Savings

The new first federal home savings account is the first truly tax-exempt

In a declining real estate market, Canadians who want to buy their first home have a new tool: the first home savings account (FHSA).

Unveiled in the 2022 federal budget, this new savings vehicle has made tax-savings history as Canada’s first truly tax-free savings program – a fact that has gone largely unnoticed.

Encourage savings

One of the ways governments around the world are encouraging and helping people save for things like buying a home or preparing for retirement is by incentivizing them with tax breaks. Depending on the policy objective, the government will give a tax advantage to certain streams of income in the savings process – whether in contributions, returns on invested assets and/or the net income generated by these savings at a given moment in the future.

In principle, money is always taxed at some point. But the “Tax-Free First Home Savings Account” Proposed in 2022 Federal Budget is Canada’s first truly tax-free savings program – ever.

Pay attention to your ‘e’s and ‘t’s

The use of taxation to encourage savings is so universal that there is an international rubric to compare and contrast savings patterns between and within countries. There are three conventional categories – TEE, EET and TTE – where “T” stands for “taxed” and “E” stands for “tax exempt” for contributions, investment income or withdrawals.

International savings tax classification



Last name Submissions investment income Withdrawals Canadian examples
eet Exempt Exempt Tax RRSP, CPP/QPP, Workplace Registered Pension Plan
TEE Tax Exempt Exempt TFSA, principal residence
TTE Tax Tax Exempt Other financial investments
EEE (new) Exempt Exempt Exempt FHSA

Source: Bonnie Jeanne MacDonald

In Canada, for example, Registered Retirement Savings Plans (RRSPs) and Registered Pension Plans (RPPs) exist “to encourage and assist Canadians to save for retirement. Contributions to these plans are deductible from income, investment income is not taxed as it accrues in the plan and withdrawals are included in income for tax purposes.

Otherwise known as “tax-deferred savings”, contributions and investment returns in these arrangements are tax-free while they remain in the plan, but the money is taxed as ordinary income when it is withdrawn – meaning they are “exempt-exempt-taxed” or “EET”.

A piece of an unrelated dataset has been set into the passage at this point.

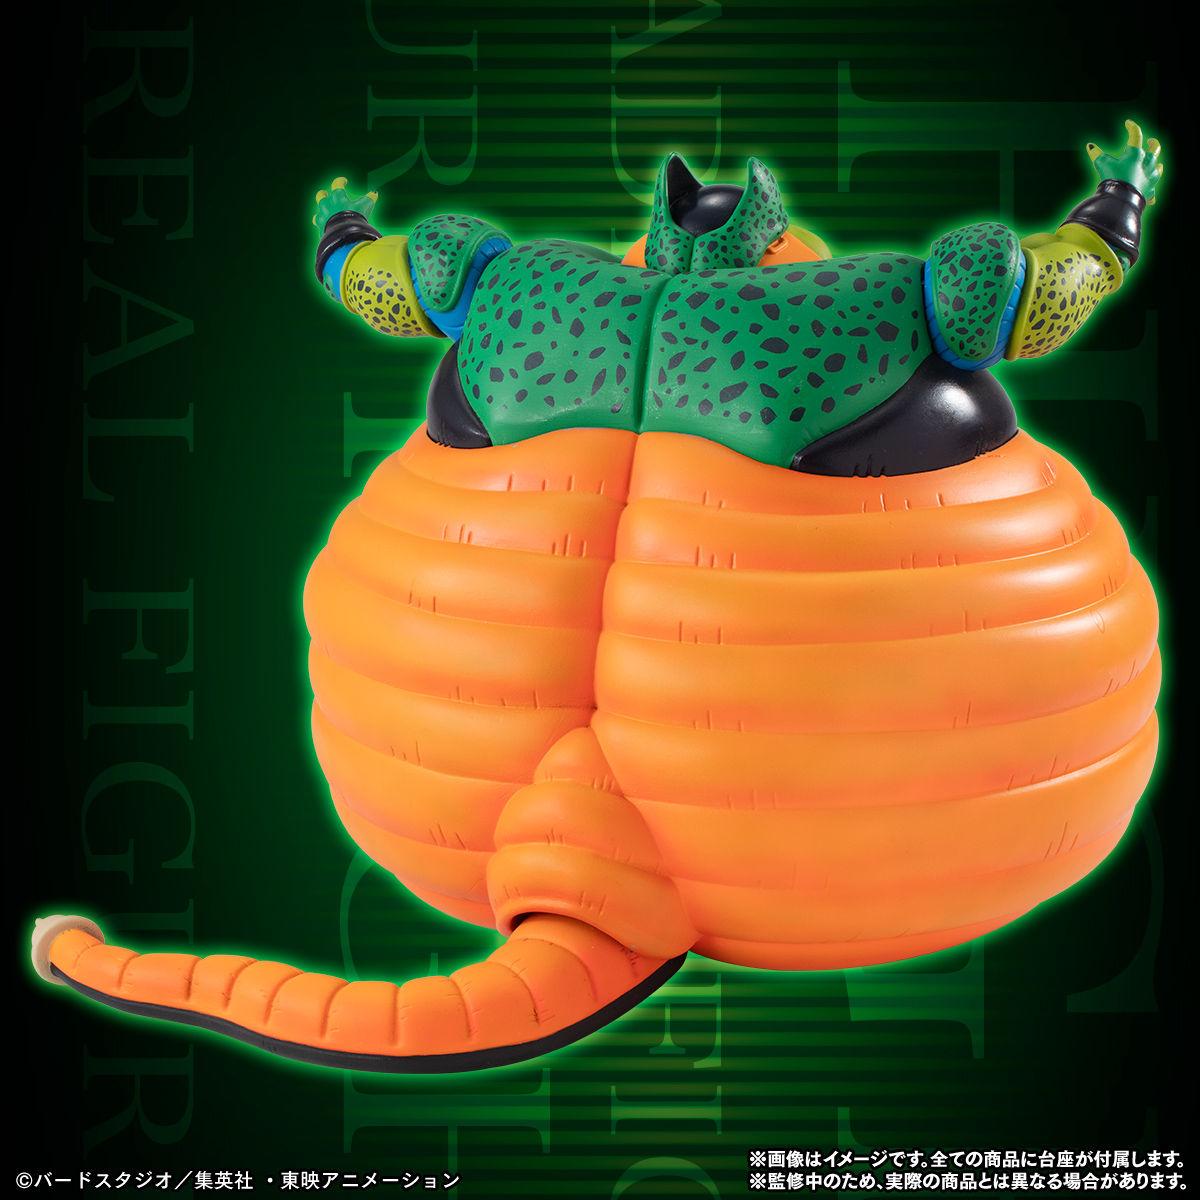 【限定販売】HGシリーズ『HG ドラゴンボール セル完全セット』全8種-009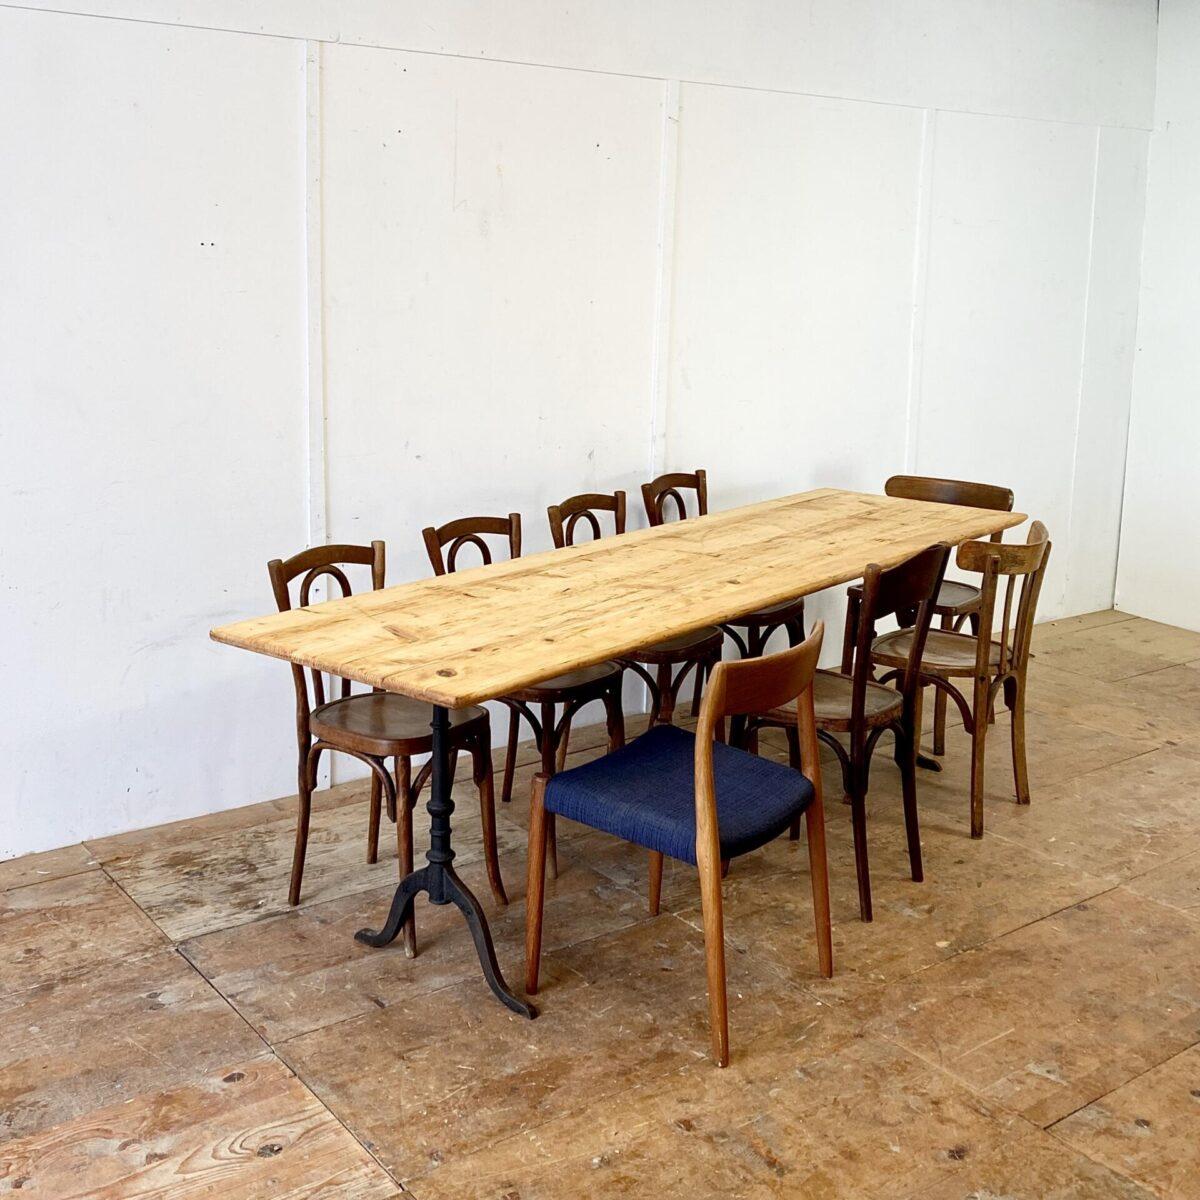 Einfacher alter Beizentisch aus Tannenholz. 250x70cm Höhe 74.5cm. Verlebtes Tischblatt mit Patina frisch aufbereitet, Holzoberfläche geölt.

On the other hand, contributions to tax-free savings accounts (TFSAs) are less “tax-free” than “prepaid”. Contributions are made with after-tax income, and there’s no tax deduction – like you get when you contribute to your RRSPs.

However, once made, TFSA contributions grow tax-free and withdrawals do not count as taxable income. This type of scheme therefore falls under the “tax-exempt-exempt” (TEE) category. Your primary residence also functions as a TEE program – finding out is often an “aha!” time, even for financial experts.

Presentation of the FHSA

What’s special about the FHSA is that it’s a way for new homeowners to save while avoiding taxes. still. As the budget explains, this program borrows the first “E” from RRSPs and the last from TFSAs, creating a new class of “EES” tax savings:

“Budget 2022 proposes to introduce the Tax-Free First Home Savings Account which would give potential first-time home buyers the opportunity to save up to $40,000. Like an RRSP, contributions would be tax deductible and withdrawals for the purchase of a first home, including investment income, would be non-taxable, like a TFSA. Tax refund on entry, tax refund on exit.

In this brave new “EEA” world, potential first-time home buyers would have the opportunity to save $8,000 per year for five years, or up to $40,000 per person or $80,000 per couple. Investment returns are not taxable, nor is the income used to purchase the home.

Beyond these savings on the purchase of the home, capital gains on the home are also exempt from tax, as are the proceeds from its subsequent sale, expanding this EEE program into a major long-term tax benefit. Think of it this way: even if the initial $80,000 reaches $800,000 at the time of the sale, there are no taxes on it at any point in the process.

Will this help?

The extent to which this new vehicle will contribute to Canada’s housing crisis is unclear. Tax breaks are just one way to support home ownership, and one of the worst in terms of equity, some argue. Other ways to support the same goal include grants and lower-cost new housing construction through special funding from Canada Mortgage and Housing Corporation (CMHC).

But for those looking to buy their first home, it’s a win-win solution and a great way to keep the taxman away from your front door.


Bonnie-Jeanne MacDonald is Director of Financial Security Research at National Institute on Aging (NIA) to Metropolitan University of Toronto (formerly Ryerson University), member of the Canadian Institute of Actuaries and resident researcher at Eckler Ltd.